Wycliffe and How to Kill a Cat is the second book in the series and is the 7th one I’ve read. It was first published in 1970 as To Kill a Cat. It’s well written, with descriptions of the coast of Cornwall, firmly set in the late 1960s, specifically at the time of the astronauts first moon landing in July 1969. At one point Wycliffe reflects on the fact that a quarter of a million miles away men were walking on the moon.

Superintendent Wycliffe, despite being on holiday can’t help getting involved when a young woman is found murdered in her seedy hotel bedroom. She’d been strangled and her face had been savagely smashed in. A thousand pounds was still in a drawer, hidden beneath her clothes, so the motive wasn’t theft.

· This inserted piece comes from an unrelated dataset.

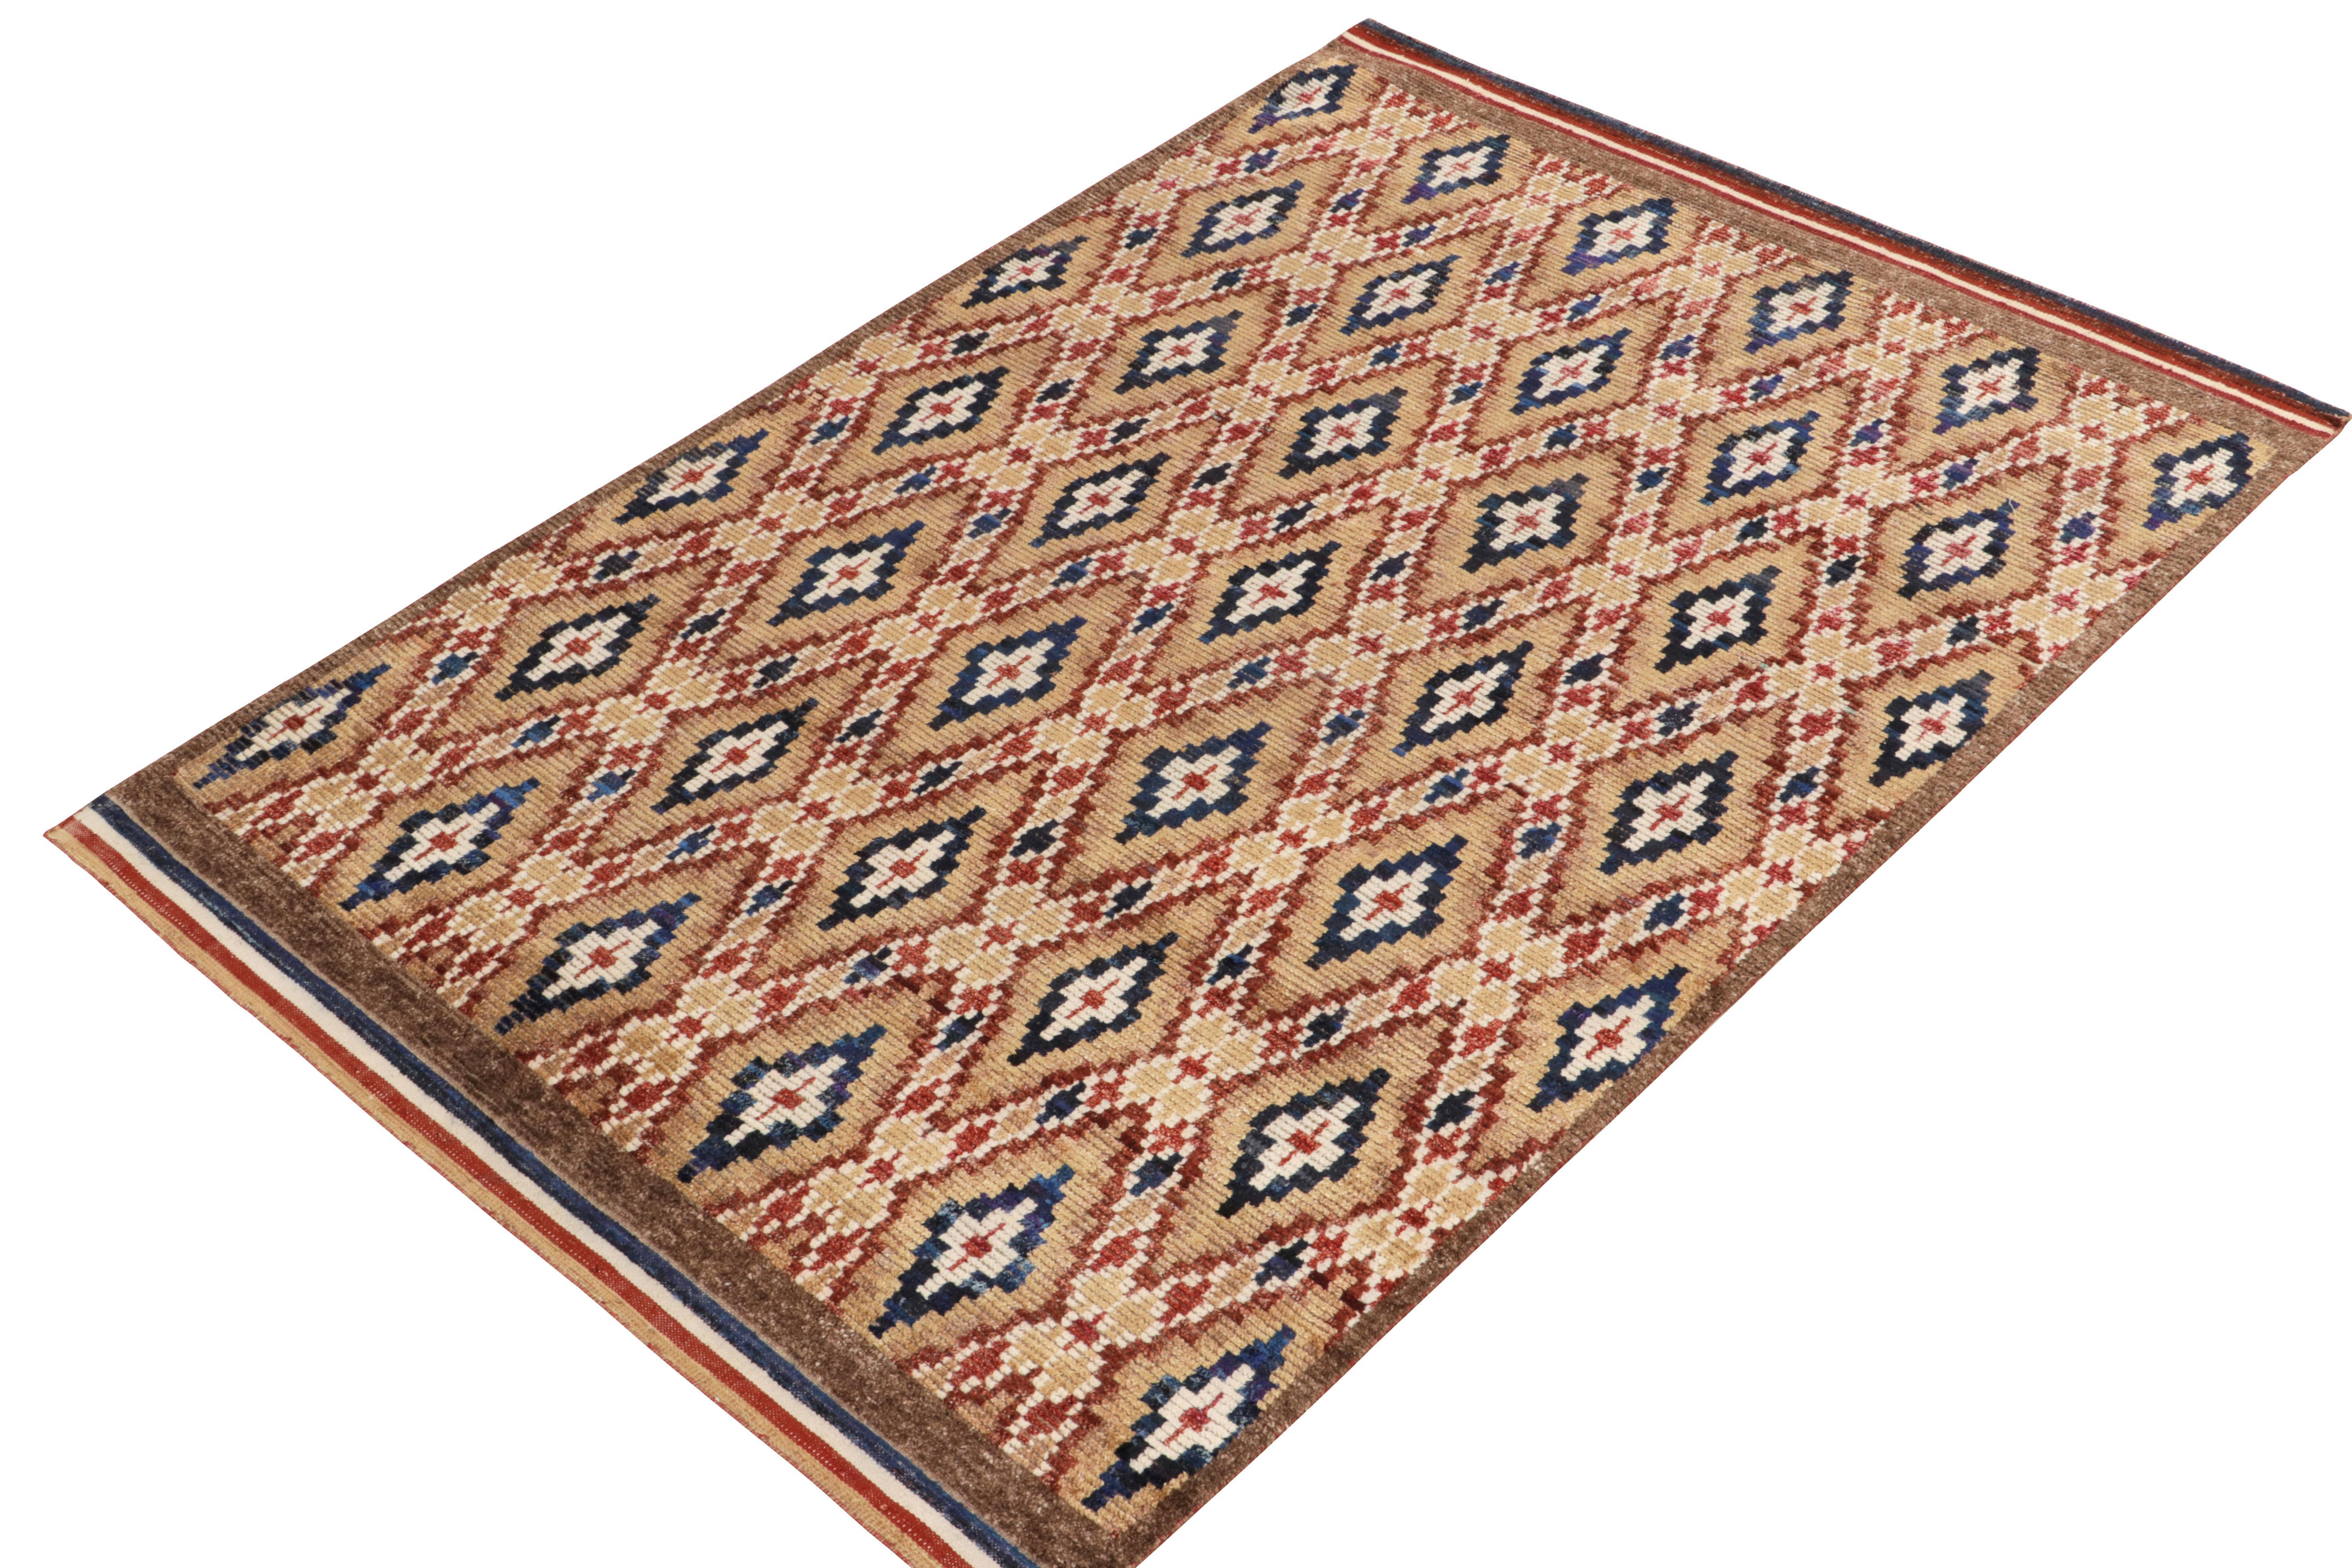 Marokkanischer Teppich von Rug & Kilim in Beige-Braun, Rot und Blau mit Rautenmustern (Stammeskunst) im Angebot

It’s a complex story that kept me guessing to the end. Once Wycliffe had established the young woman’s identity, there were several suspects he investigated, including her husband, a meek man whose mother dominated him and his aunt who doted on him, or maybe it was the owner of the nightclub, the Voodoo where she’d worked, or one of its patrons. I kept thinking it was this person and then that person …

I like Wycliffe, a quiet man who works on instinct, but I did feel sorry for his wife, left very much on her own as he occupied himself on investigating the murder – after all they were supposed to be on holiday. She doesn’t complain. Instead she made friends with some local people and went out with them in their motor launch to explore a bit of Du Maurier country.

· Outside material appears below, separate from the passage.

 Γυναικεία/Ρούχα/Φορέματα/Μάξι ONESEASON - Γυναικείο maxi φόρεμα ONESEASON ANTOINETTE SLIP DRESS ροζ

Wycliffe is a comparative newcomer to the area and the divisional inspector, Inspector Fehling’s first impression of him was not favourable. He thought that Wycliffe did not look like a policeman. He didn’t look ‘tall enough and he seemed almost frail. A teacher, some kind of academic, perhaps a parson, but never a policeman.’ This reminded me that there used to be a minimum height requirement for policemen of 5ft 8in tall.

These two extracts describe how Wycliffe worked:

“Wycliffe stood for a while, apparently lost in thought. Actually, though ideas chased each other through his mind they could hardly be said to have any pattern of rational consecutive thought.”

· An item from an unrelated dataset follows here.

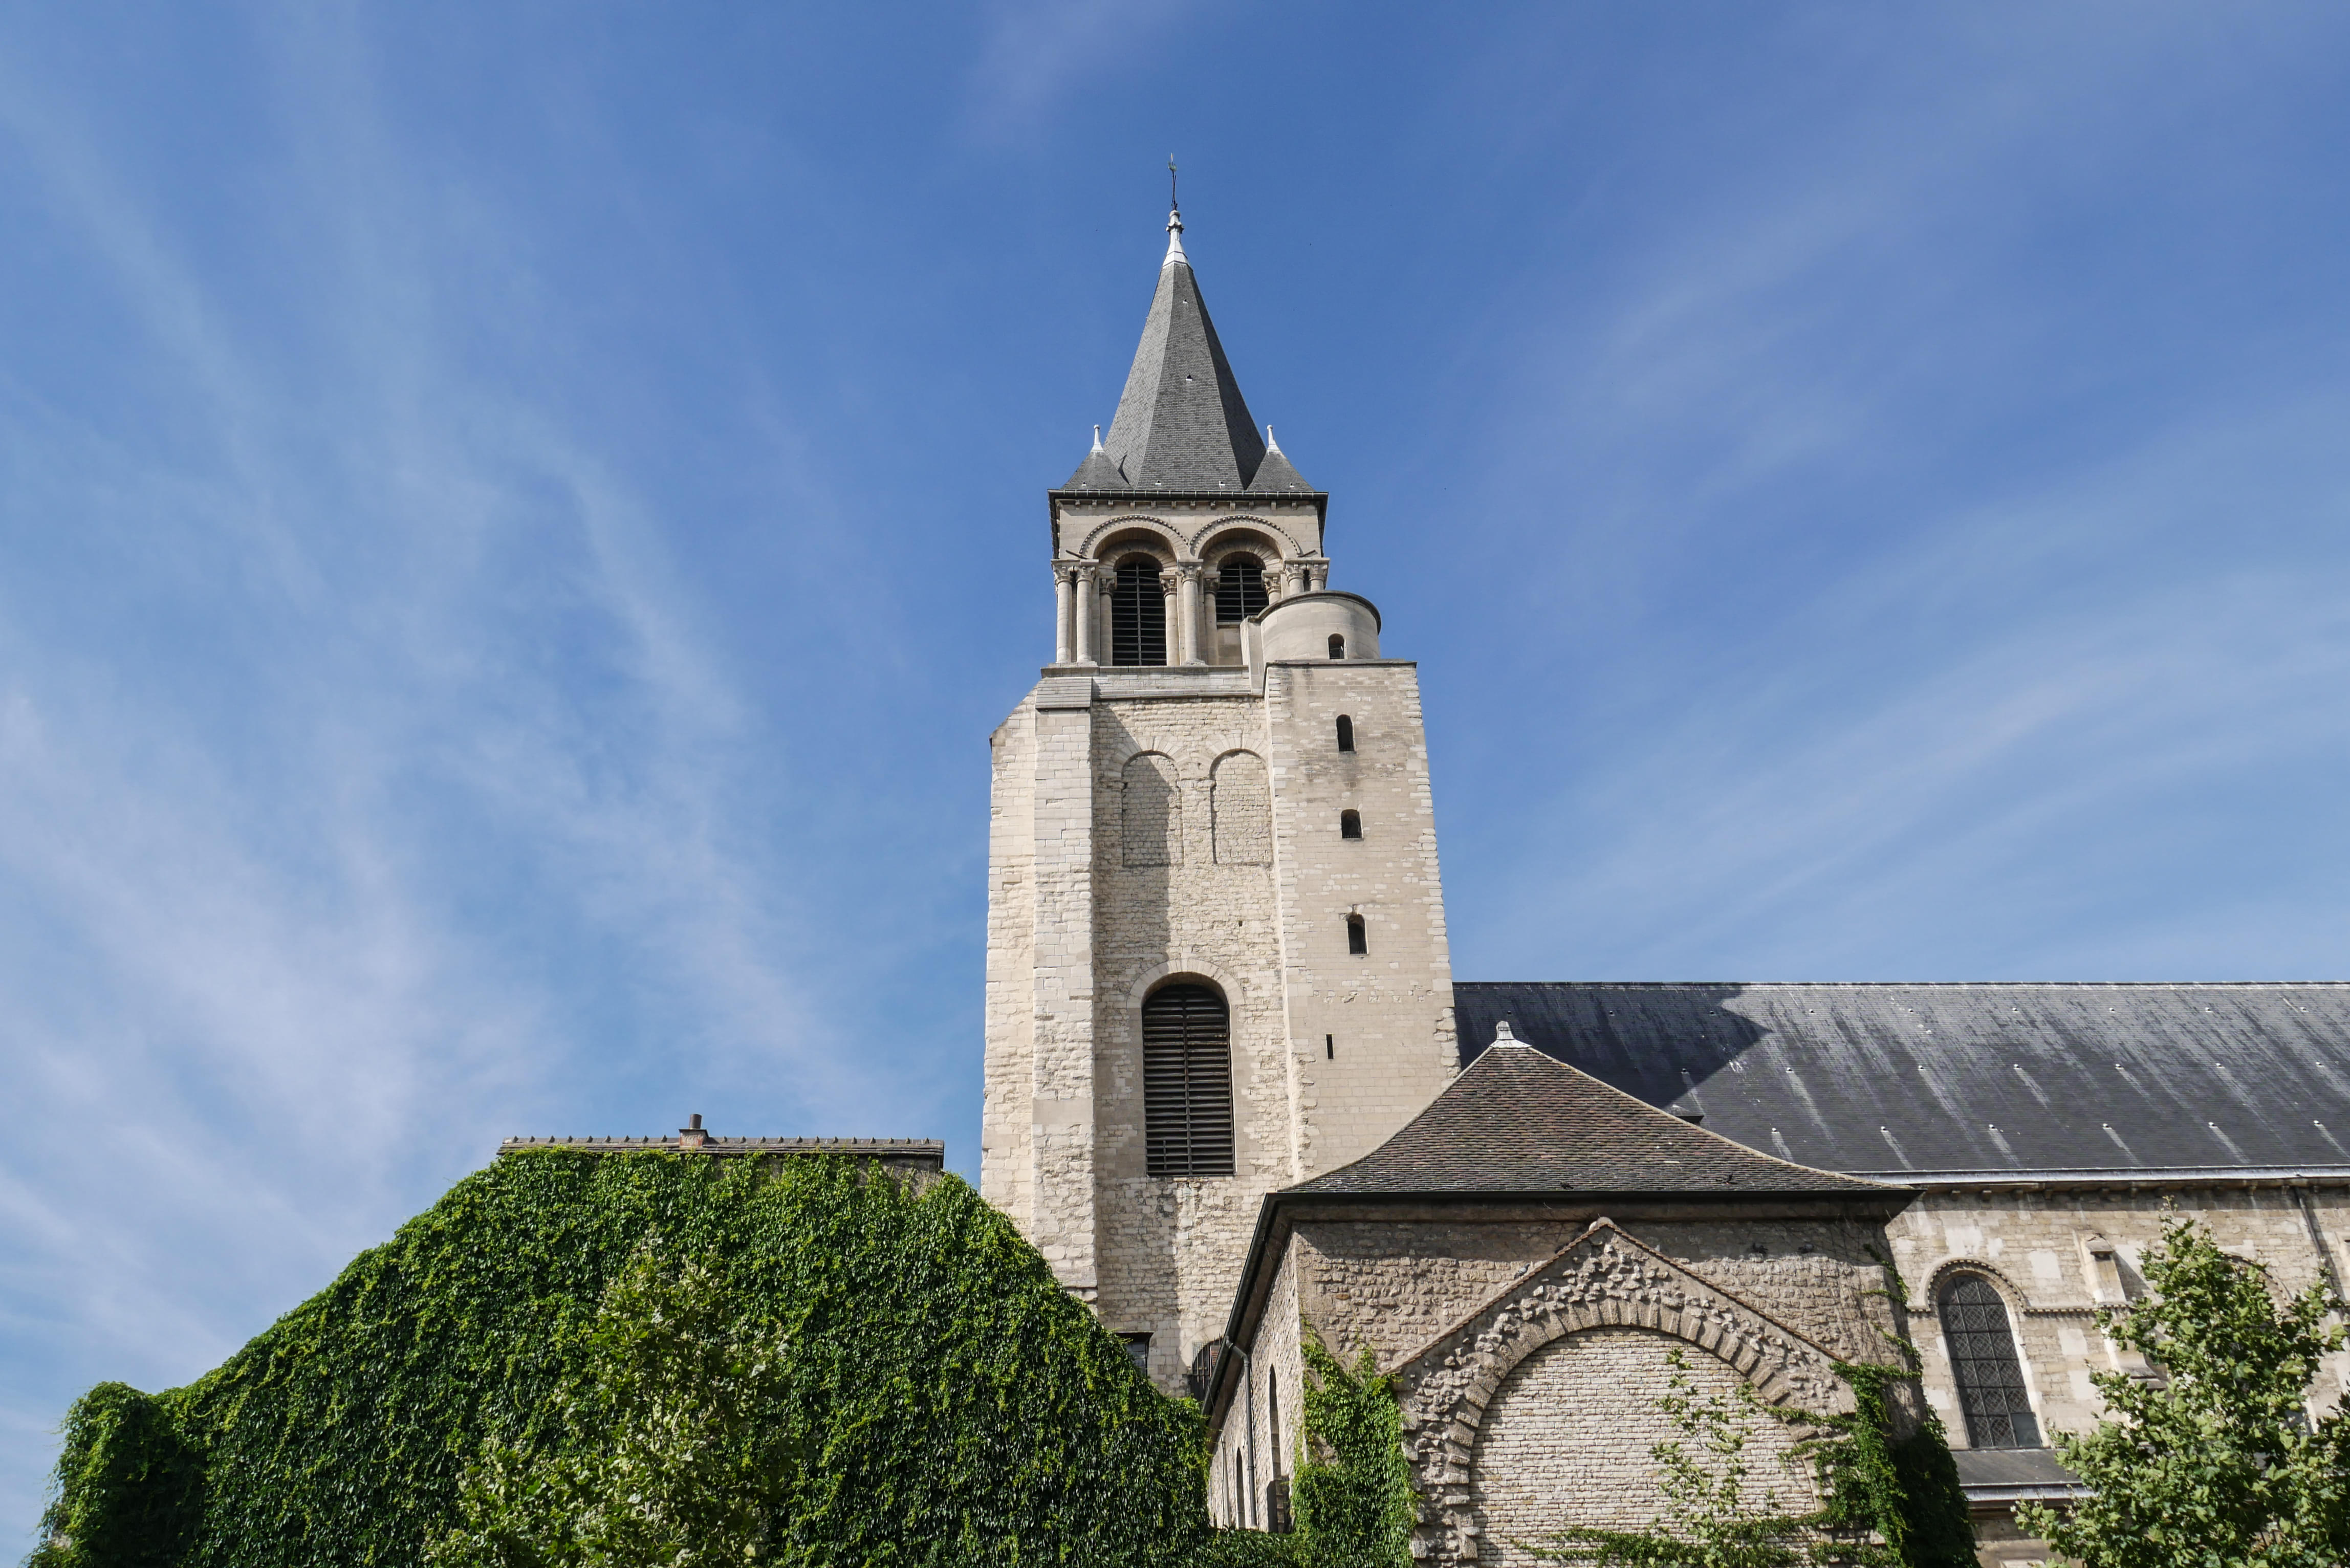 Abbey of Saint Germain des Pres

“It was when he made an effort to think in a disciplined way about anything that he was most conscious of his shortcomings. And this reflection brought him back to the case. Not only did he find sus­tained logical thought difficult but he was always short of written data. He had the official reports but these were so full as to be almost useless. Any other detective would have a sheaf of private notes, but he rarely wrote anything down and if he did he either lost it or threw it away. Notes were repugnant to him. Even now he ought to be sitting at a desk with a notepad in front of him, jotting down his ideas, transposing and relating facts like a jig-saw.”

This is police procedural, reflecting the social values and attitudes of the 1960s. It’s an early book in the series, but I think it clearly shows Wycliffe’s character and the way he worked. I’ve read the books in the series totally out of order, so it was good to read the second one. I’m still wondering about the title as there are no details in it about how to kill a cat! I’m hoping to read the first one – Wycliffe and the Three Toed Pussy, which despite its title is not about an actual cat either, but about a young woman with a deformed foot.